Nuclear fallout from the uncontained explosions spread across the Pacific, and continues to be linked to health problems. I was spooked by the green clouds that linger daily above the island, thinking they had something to do with radiation residuals, but Henry quickly assured me that they are caused by a reflection off the turquoise color of the atoll’s enormous, shallow lagoon. “We can’t see the leftover radiation,” he said, “but it’s here.” A UK official is currently here managing ongoing nuclear “cleanup,” but after seeing him toss plastic trash right out his car window, I lost faith in his efforts.

One sunny afternoon after filling my water jugs ashore, I trudge back toward Swell, using my bike as a dolly to push the ten-gallon load back toward the pier. I hear a cacophony of sounds coming from below a low, broad-leafed tree and swerve right to find a small group of kids crowded into the shade, all heartily jamming on instruments made from trash.

A boy of about ten is drumming on an old, tin powdered-milk container with a broken fork and a small stick. Another plucks a string bass made from a plastic jug, a long stick, and fishing line. A tall skinny girl, maybe eleven, drags a small plastic soda bottle across an old piece of corrugated aluminum roofing. A smaller girl uses an empty beer can filled with pebbles as a shaker. The last member of the ragtag band, a tiny girl who can’t be more than four, is sending bold huffs of air through an orange trombone-shaped flower, making it toot wildly. I clap madly when they finish. The beer can is passed to me as they start in again. Like everywhere I’ve sailed, children don’t care about language differences or skin color; they’re always excited to make friends.

All of the I-Matangs pitch in to help Chris get through his implausible hull repair. He manages to get the boat hoisted out of the water and delivered to a grove nearby. My contribution is mostly in the realm of moral support and hydration, arriving with some encouraging words in the afternoon, and climbing the surrounding coconut trees for “atoll Gatorade,” as he calls it. From up in the tree I watch I-Kiribati men sing merrily as they collect sap from the flowering shoots of coconut palms; they’ll ferment it and turn it into toddy, the local alcoholic beverage.

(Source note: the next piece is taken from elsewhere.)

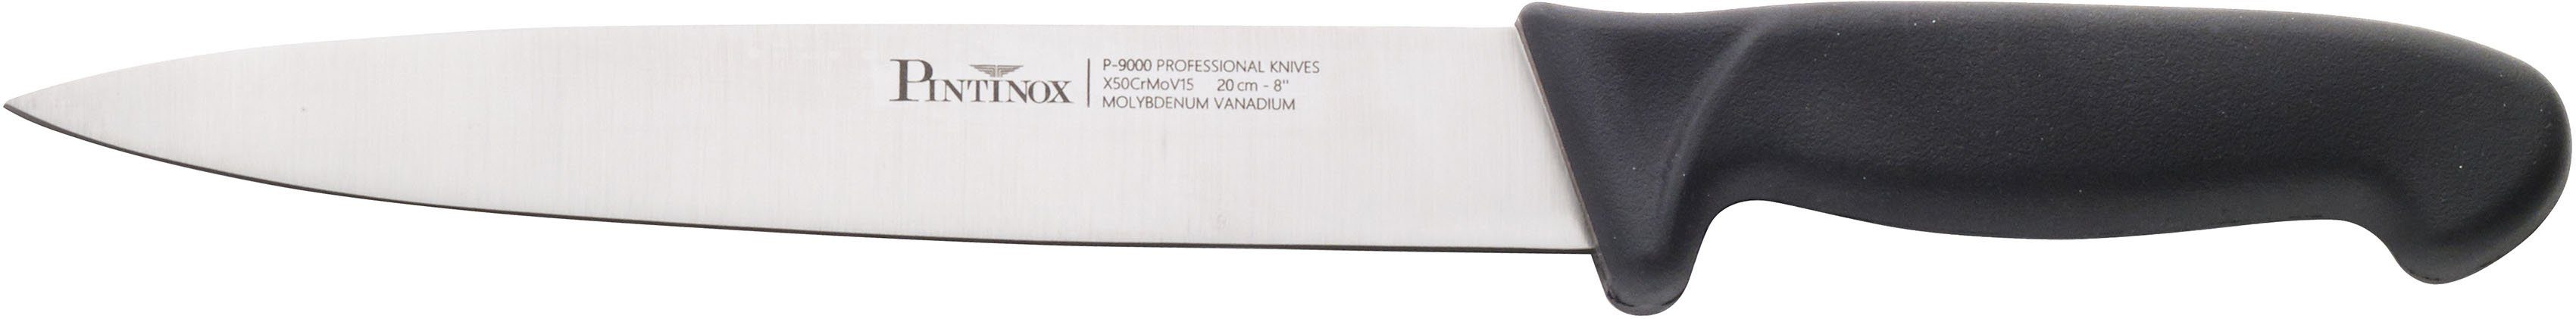 PINTINOX Allzweckmesser Coltelli P9000, 20 Edelstahl cm rutschfestem mit Klingenlänge Kunststoff
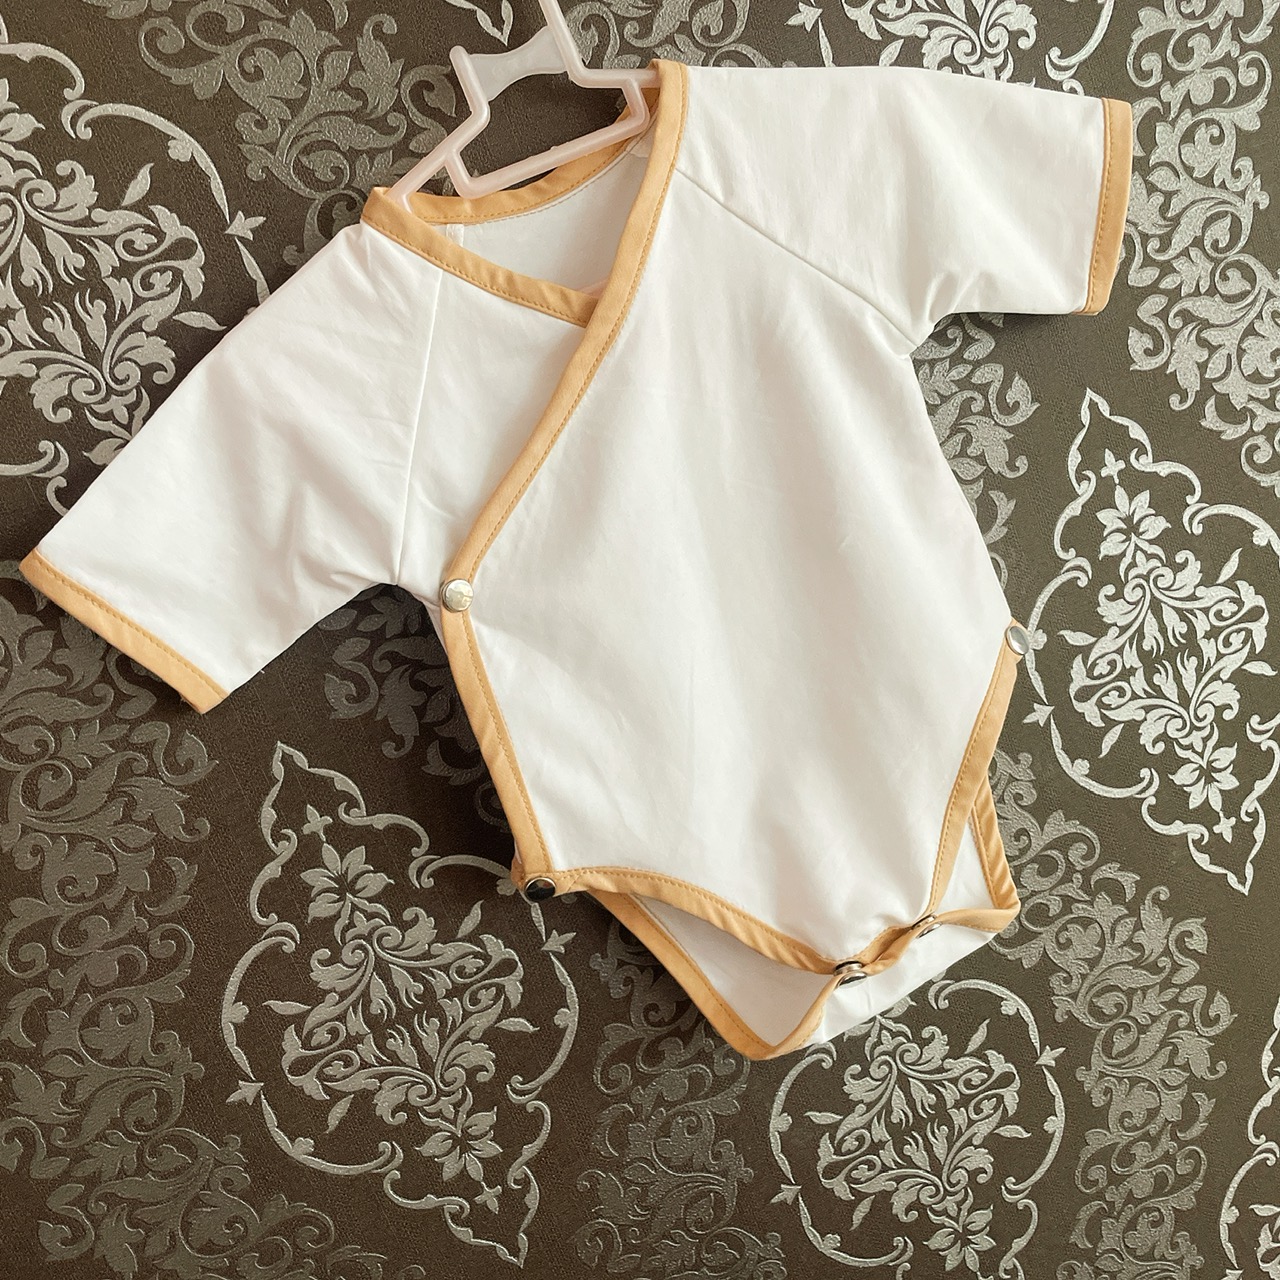 Bộ áo liền thân ngắn tay Bodysuit cho bé sơ sinh trai và gái - Chất vải cotton 4 chiều co giãn thoáng mát

Gaspar continues to make an effort to rekindle our romance, and although it’s flattering, I resist. Until one evening after a little party at Henry’s bar, I see the silhouette of Gaspar’s hair under a tree beside the road. Feeling confident with my new knowledge, I stop and sit down next to him without saying a word. I don’t move away when he puts his arm around me. We lean back into the sand together, and stare up at the stars. My new outlook makes me think being closer with him again will be okay. It could be part of practicing my virtues and learning to control my emotions.

“You know, Lissy, maybe I understand you mejor ahora (better now). Maybe we can at least be amiguetes (friends),” he offers.

“Maybe,” I tease, appreciating his effort and openness. We ride double on my bike back toward the anchorage, him pedaling and me on the handlebars.

“Lissy!” I hear outside Swell the next morning. “Quieres nadar conmigo?” (Want to swim with me?) I don my fins and we swim off to explore the nearby coast. Although he’s awkward in the surf, he has a dancer’s grace underwater calm and confident as he kicks down to the seafloor to point out an octopus or conch. We marvel at multicolored sponges, gaze at swirling packs of baitfish, and dodge wily barracudas. A fart slips out when I’m fifteen feet down and the bubbles float up toward the surface; Gaspar’s mask explodes with laughter. On the next dive down, he reaches out to me and we kick on together, hand in hand.

The morning swim turns into pancakes. Pancakes turn into a siesta. The siesta into sweet love but this time with the notion that nothing is forever. We don’t need to own each other, nor do we owe each other anything besides honesty. With fewer expectations, we start over.